The Operator Vault ClawHub Guide

ClawHub Guide: The OpenClaw Skill Marketplace

5,700+ skills. One install command. Find exactly what your workflow needs.

We've spent months using ClawHub daily, testing community skills, publishing our own, and curating our favorites. This is the practical guide we wish we had when we started.

5,705+
Total Skills
~3,002
Curated
10
Categories
1
Install Command

What is ClawHub?

An app store for your AI agent.

ClawHub (clawhub.ai) is the community-driven marketplace for OpenClaw skills. Think of it as npm for AI automation. Developers publish skills. Users browse, install, and run them. The CLI handles versioning, updates, and dependency management. In our experience, it's the fastest way to extend what your OpenClaw agent can do without writing code yourself.

Browse on the web

The ClawHub website lets you search, filter, and preview skills before installing. Read descriptions, check star counts, view changelogs, and see community comments. Every skill links to its source code on GitHub.

Install from the CLI

One command installs a skill into your workspace. The CLI uses vector and embedding search, so you can search by concept, not just keyword. Run clawhub search 'scrape product prices' and the results will surprise you.

Stay up to date

Skills use semver versioning. The clawhub update command pulls the latest version. A lock file at .clawhub/lock.json tracks what you have installed, so you can roll back if something breaks.

Skills by category

10 categories. Thousands of options.

ClawHub organizes skills into categories that map to real workflows. Here's what you will find in each, along with some standout skills we recommend.

800+

Research & Data

Web scraping, data extraction, competitive analysis. Standouts: x-research-skill for Twitter/X deep dives, reddit-trends for subreddit monitoring.

650+

Developer Tools

GitHub integrations, code review, deployment automation. Great for teams that want their agent to manage repos, run CI checks, or monitor PRs.

580+

Communication

Email drafting, Slack/Discord bots, SMS automation. Useful for customer support workflows where your agent handles first-response triage.

470+

Analytics & Reporting

Dashboard builders, Google Analytics connectors, KPI tracking.

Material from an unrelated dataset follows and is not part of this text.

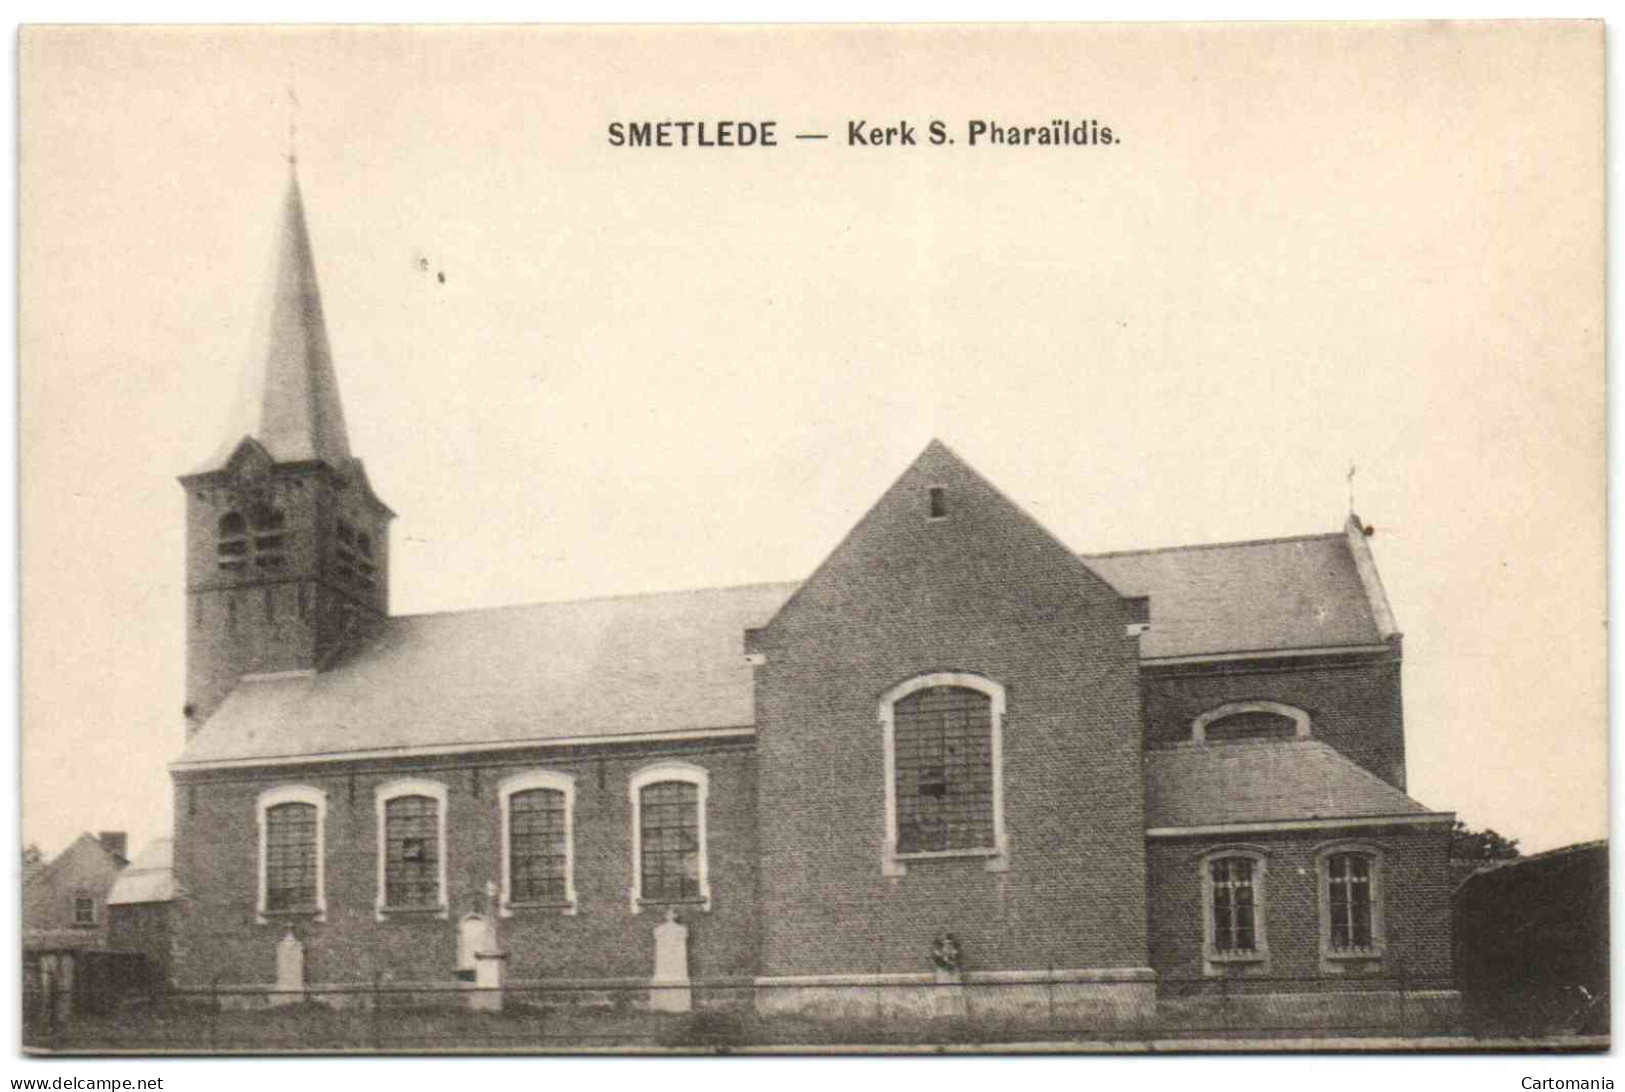 Smetlede - Kerk S. Pharaïldis - Lede

We use several of these for automated weekly reports sent via Telegram.

520+

Automation & Workflows

Multi-step orchestrators, cron schedulers, webhook handlers. The polyclaw skill is notable for running multi-agent coordination patterns.

410+

Content & Writing

Blog drafting, social media scheduling, content repurposing. Useful for marketing teams who want AI-assisted content pipelines.

380+

Infrastructure

Docker management, server monitoring, log analysis. The ha-mcp skill stands out for Home Assistant integration and IoT control.

350+

Web & Browser

Browser automation, screenshot capture, form filling. These extend OpenClaw's built-in browser with specialized site interactions.

320+

E-Commerce

Shopify, WooCommerce, inventory management. The shopify-order-returns-puller skill automates returns processing with minimal setup.

225+

Integrations

CRM connectors, calendar sync, project management bridges. Skills that connect OpenClaw to tools like HubSpot, Notion, and Asana.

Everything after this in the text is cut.